Читаем без скачивания Собрание сочинений (Том 4) - Альберт Лиханов
Шрифт:
Интервал:
Закладка:
Такой взгляд - взгляд воинствующего мещанства. Ведь воинствующего обывателя духовной пищей не удивить не потому, что он ею объелся, а потому, что она его не интересует. Для него духовное - нечто неосязаемое, бесплотное. А боевик от мещанства - материалист. Он пощупать хочет, погладить, и не вообще, не чье-то чужое или, скажем, общее - а свое собственное, личное. Игоря печалит, что книга с рук вздорожала, и печаль эта справедлива. Надо, правда, заметить, что и книга с рук ныне продается во многом из-за него, из-за воинствующего мещанина, из-за его потребности даже книгой покрасоваться перед другими.
Книга стала вещью, это верно, - ценной вещью - но, к печали, не потому ценной, что хранит бесценные мысли, а потому, что стала козырем в состязании за высокий престиж человека в своем кругу. Хочу оговориться: не все, конечно, ценят книгу по такому мрачному прейскуранту, да, не все, за нужной книгой гоняется ученый, писатель, аспирант, настоящий книголюб, но немало, да, немало скупает книги и такого народу, которого как раз "духовной пищей не удивишь". Книга ему не как пища нужна, а как форма доказательства своей культурной значительности - без культуры нынче никуда.
6
Юмористы обкатывают сюжет: в знаменитом театре на премьере сидят одни иностранцы да торгаши. Иностранцы меня в этом контексте не интересуют, а торгашам театр нужен для демонстрации своих торгашеских возможностей.

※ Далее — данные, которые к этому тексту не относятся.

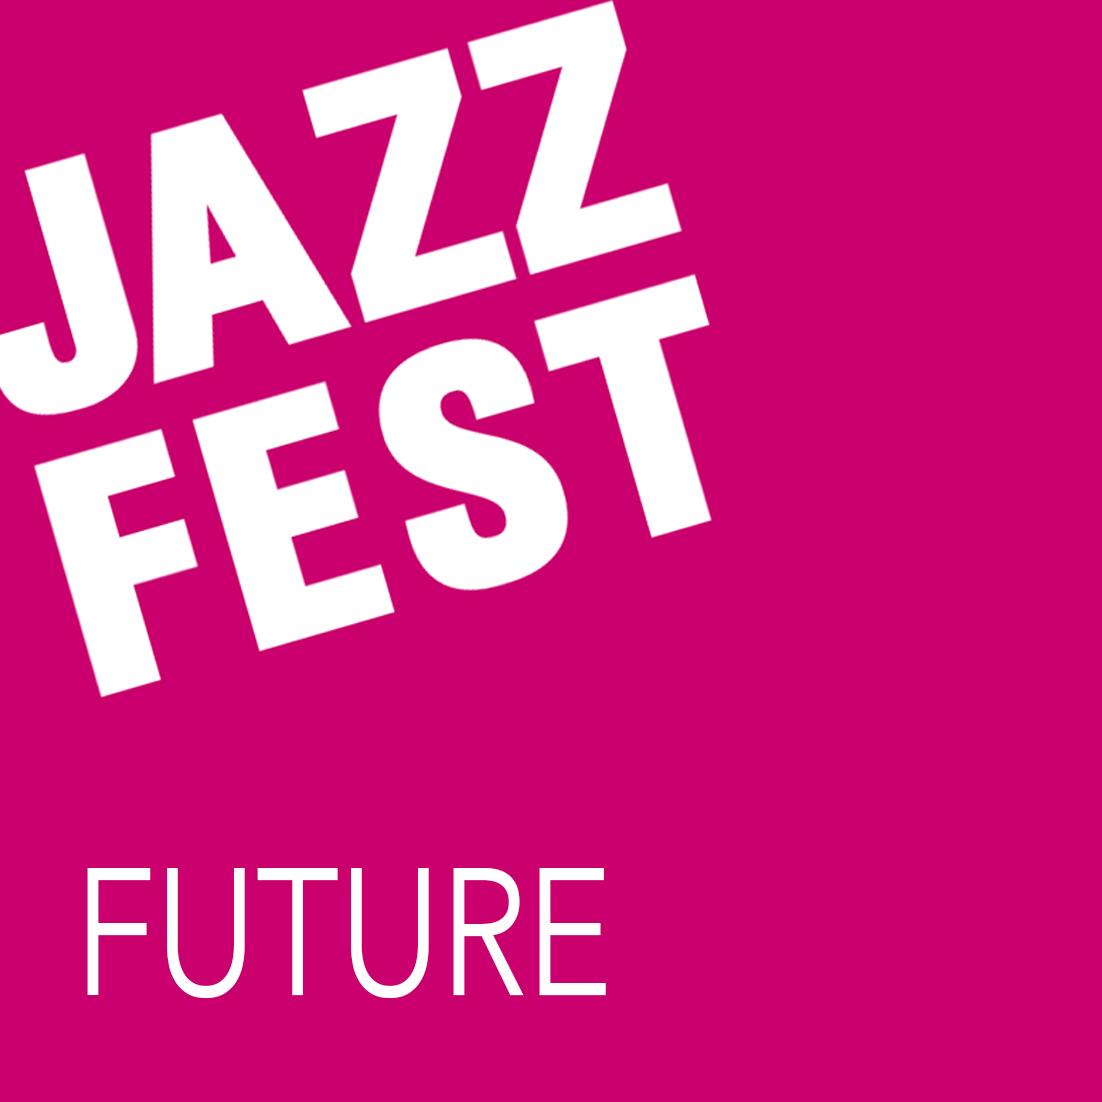 JazzfestFutureLogo1.jpg

Выходит, духовной пищей не удивишь, во-первых, того, у кого смещены цели жизни и кто материальное ставит выше духовного, - это важный момент. Вредоносность этой философии прежде всего в том, что, внушенная безусым юнцам, она безобидно позволяет им пропускать подлинную духовную пищу, оставляя лишь всевозможные ее суррогаты - коктейли из низкопробных закупных фильмов, худых телекартин да развлекающей музыки, разобраться во вредоносном влиянии которой требуется ум и усиленное потребление настоящей духовной пищи.
Воинственность действенного мещанства - как раз в этом: заставить молодняк пропустить в жизни самое главное - поиск ее духовной сути. Превратить этот молодняк в себе подобных рвачей дефицитного пока вещного имущества.
Да, это так. Все, кажется, ясно.
Печально одно. Пустеют наши библиотеки. Наплыв народу - в дни студенческих сессий и выпускных экзаменов. Много мудрых мыслей пылятся на полках невостребованными, непрочитанными. Мысль же о книгах на книжных полках отдельных квартир приводит меня в трепет. Эти книги - в массе своей - напоминают узников, замкнутых в оковы стеклянных шкафов, так и не допрошенных с пристрастием. Подумать только - пять миллиардов книг во всех библиотеках страны и тридцать - в шесть раз больше - в домах людских. Узнать бы еще - сколько их, так ни разу и не раскрытых?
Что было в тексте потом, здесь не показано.